There are very real contentions to be made with Intel's output. The inclusion of a lackluster graphics core in their high end mainstream CPU is only viable if you're an encoder. The movement of VRM onto the CPU means that much more heat is near your system's most heat sensitive component. Thermal paste between the processor and chip lid meant poor performance, even when not overclocking. All of this is a viable argument, but Intel working to reduce thermal output is not. You'll never see a 10+ core consumer CPU if they don't make sure that the processor won't incinerate itself during operation. Your enthusiast chips need that thermal envelope to allow overclocking.
I don't get it why people run rigs which suck power like there is no tomorrow just idling. Power YES please!... but only when it is required. Not just power for the sake of power. Of course people from countries with dirt cheap electricity have it easy...

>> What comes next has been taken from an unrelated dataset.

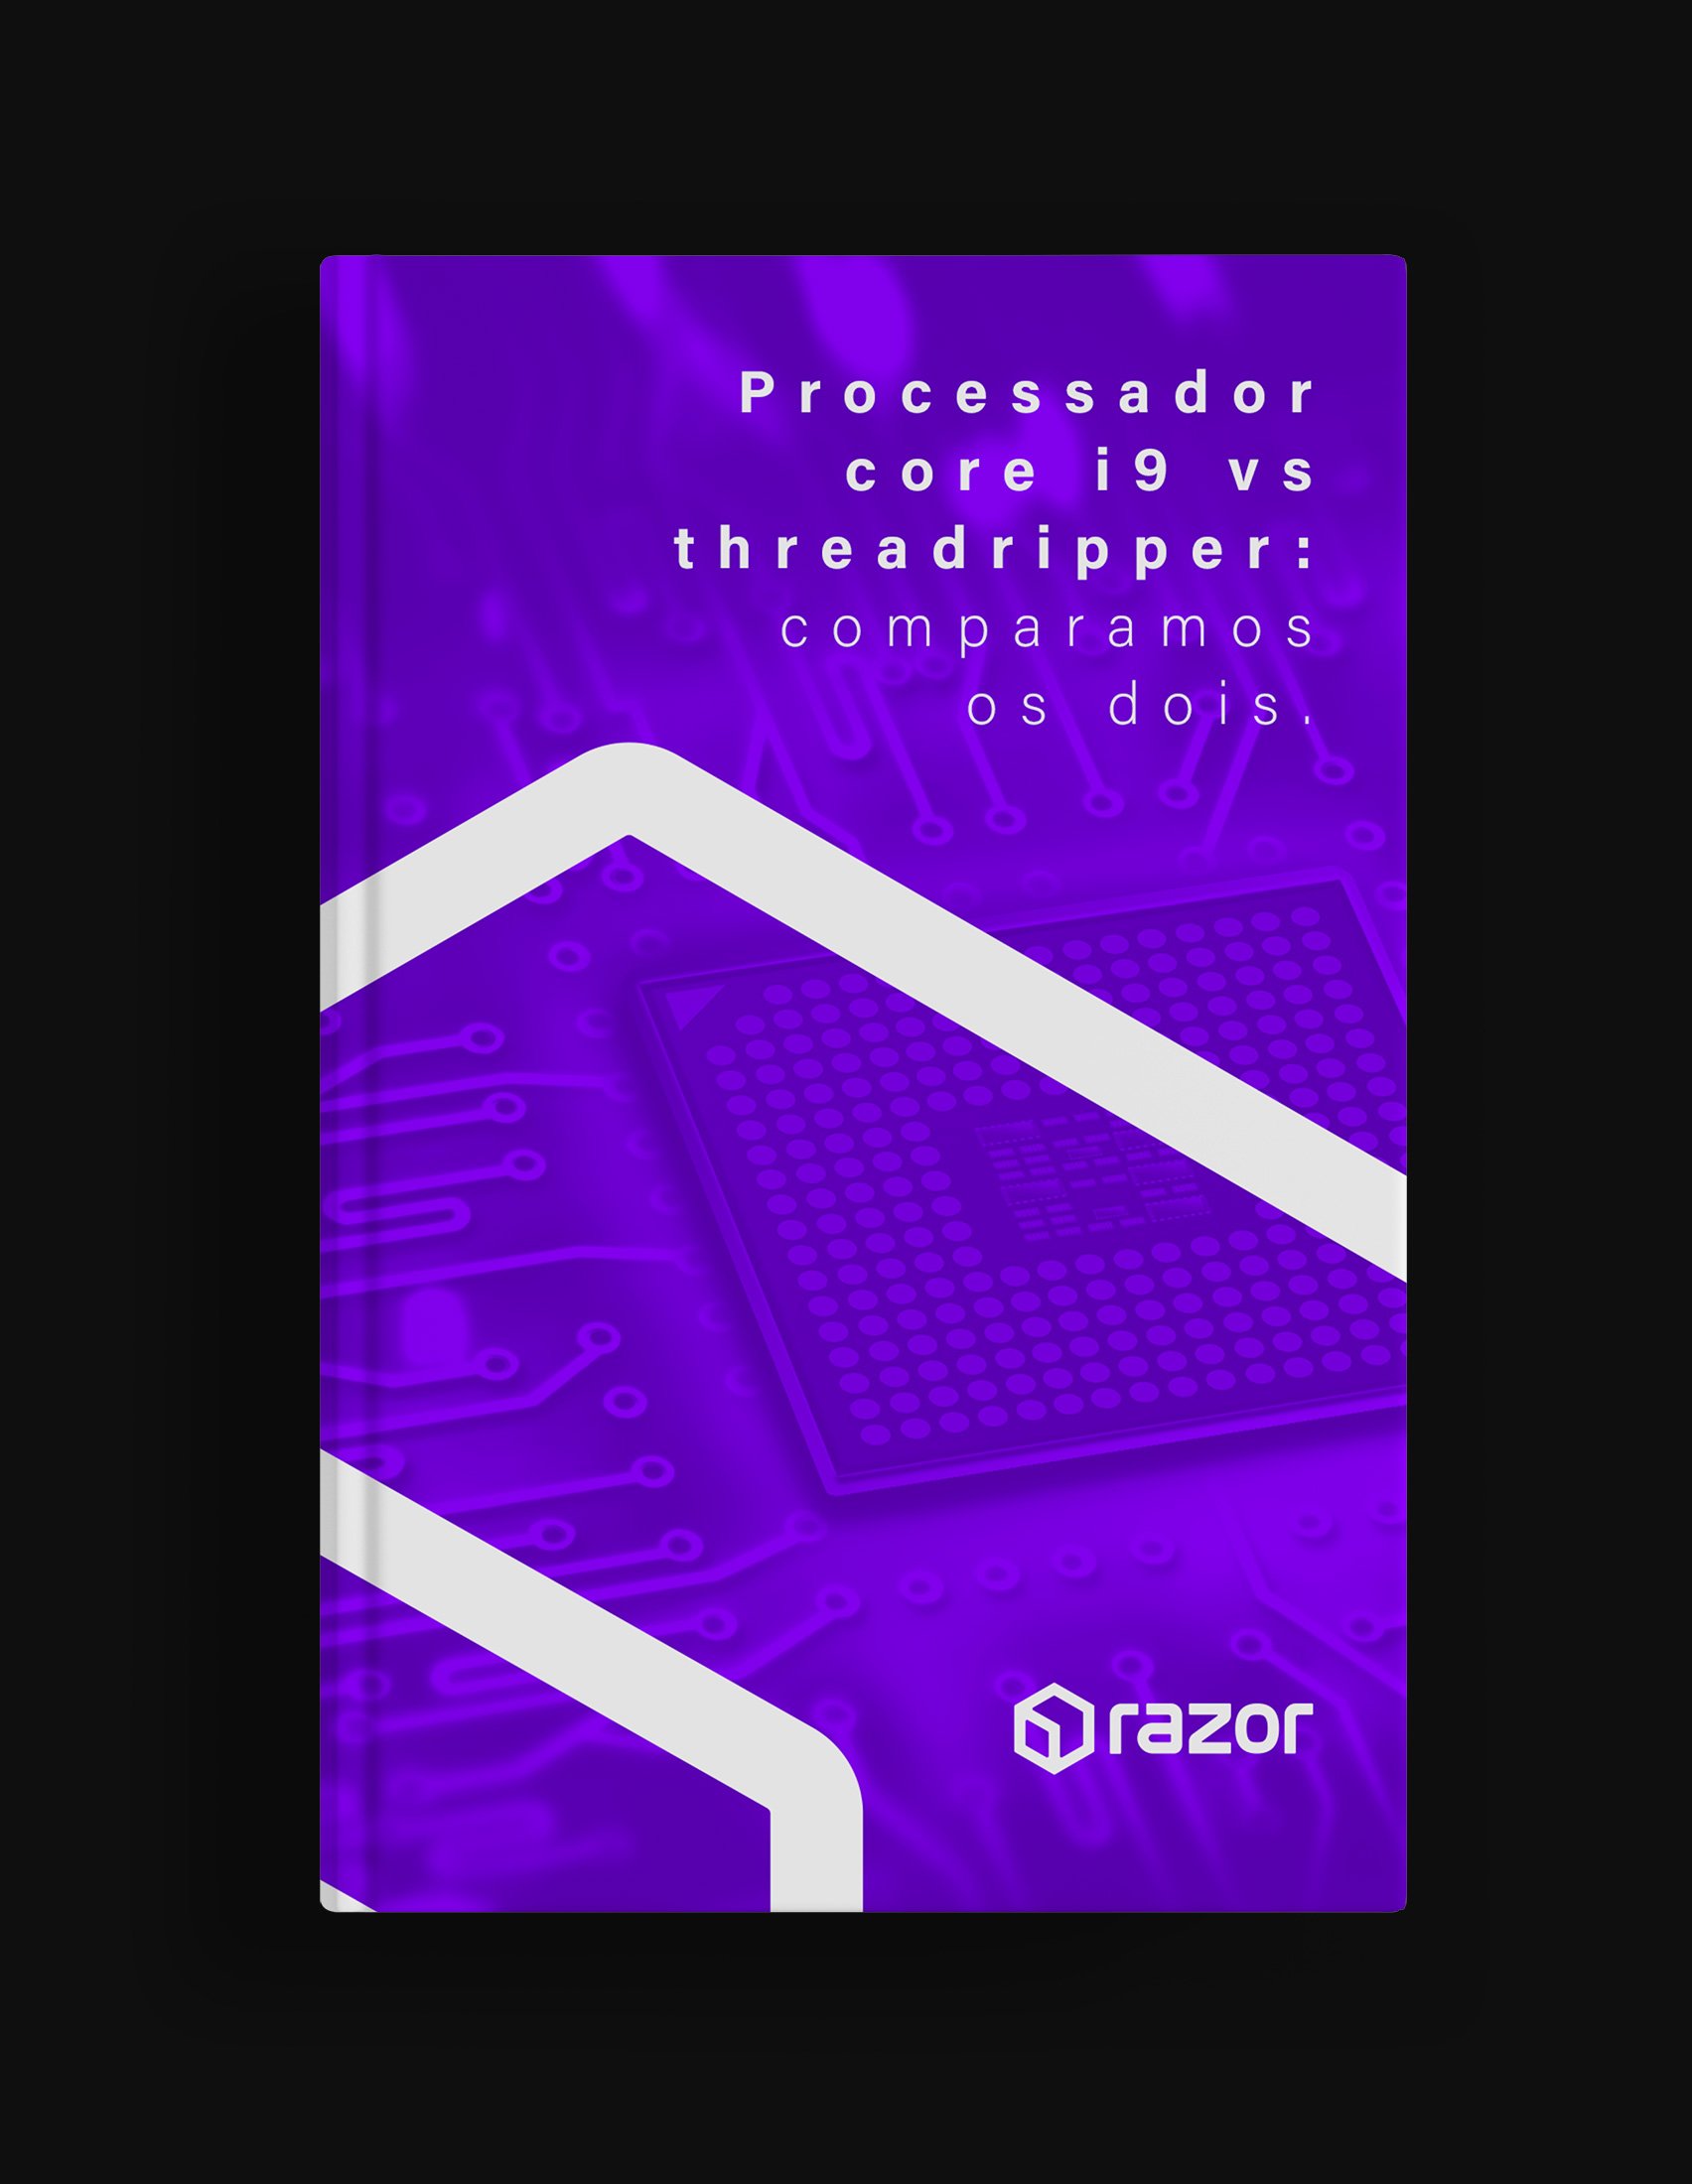 capa_e_book_processador_core_i9_vs_threadripper_comparamos_os_dois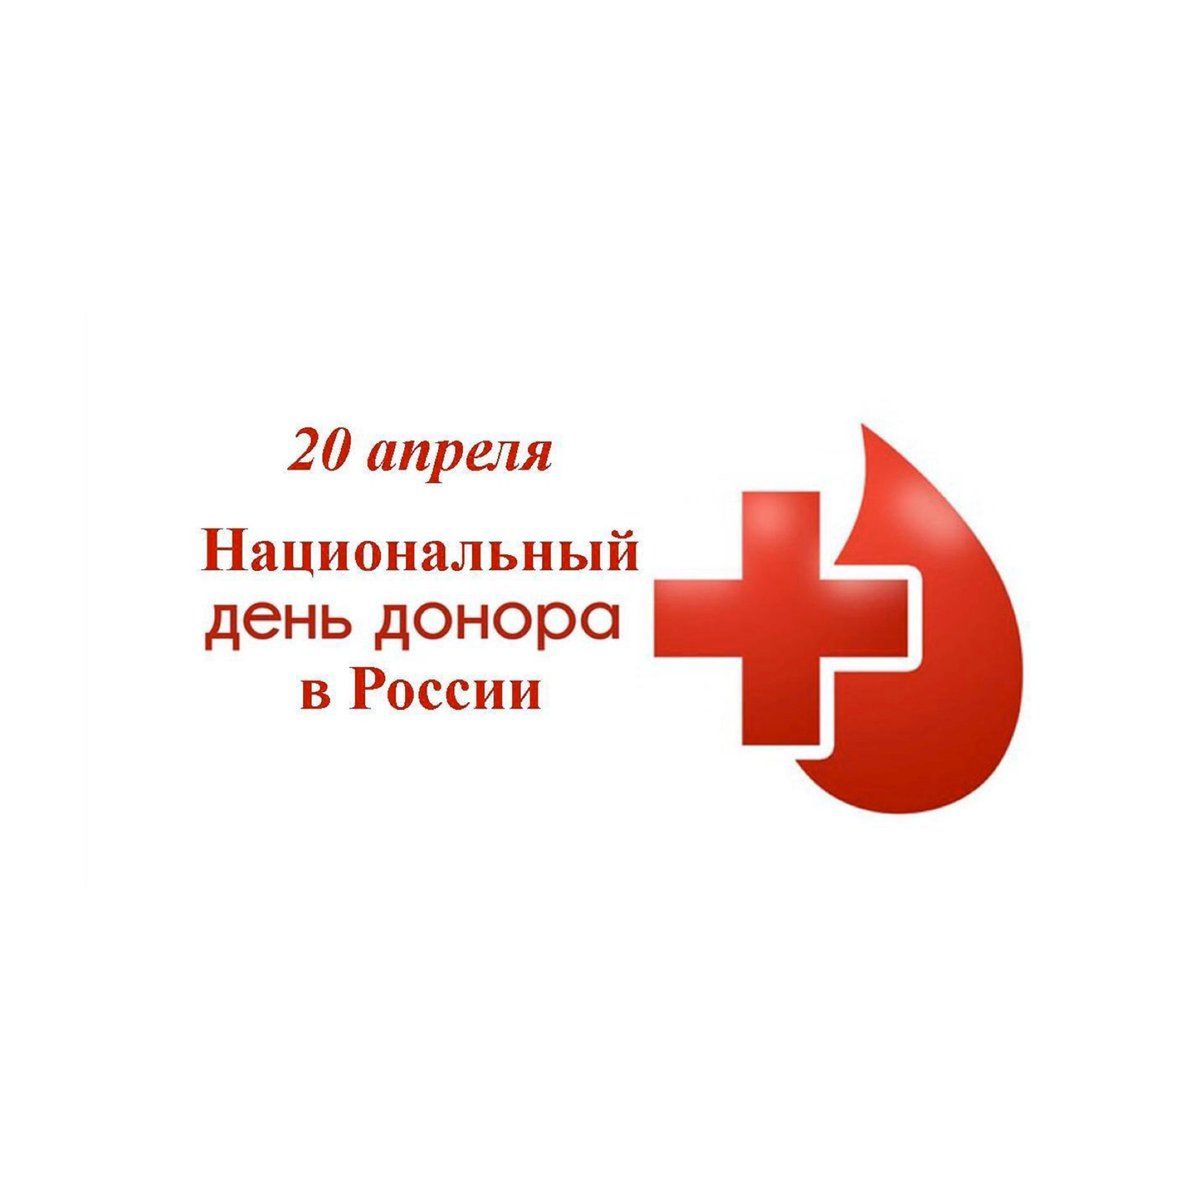 Сдай кровь - спаси жизнь!

Haswell refresh in general is pointless, even for 920 owners. X58 is one of best architectures around, with plenty of fuel in the tank. I don't know even if I will bother with X99 Haswell-E. From what I read nothing spectacular. Certainly it won't be as profound change as upgrade from Pentium 4 to Core 2 [switching VW Golf for Mercedes SLS] and later jump to i7 920/X58 [changing from SLS to Lockheed SR-71 Blackbird].
I would also be very careful before speaking for the community. I'm sure that I can find a number of people who are plenty happy with their Intel invests and the improvements over their last platform.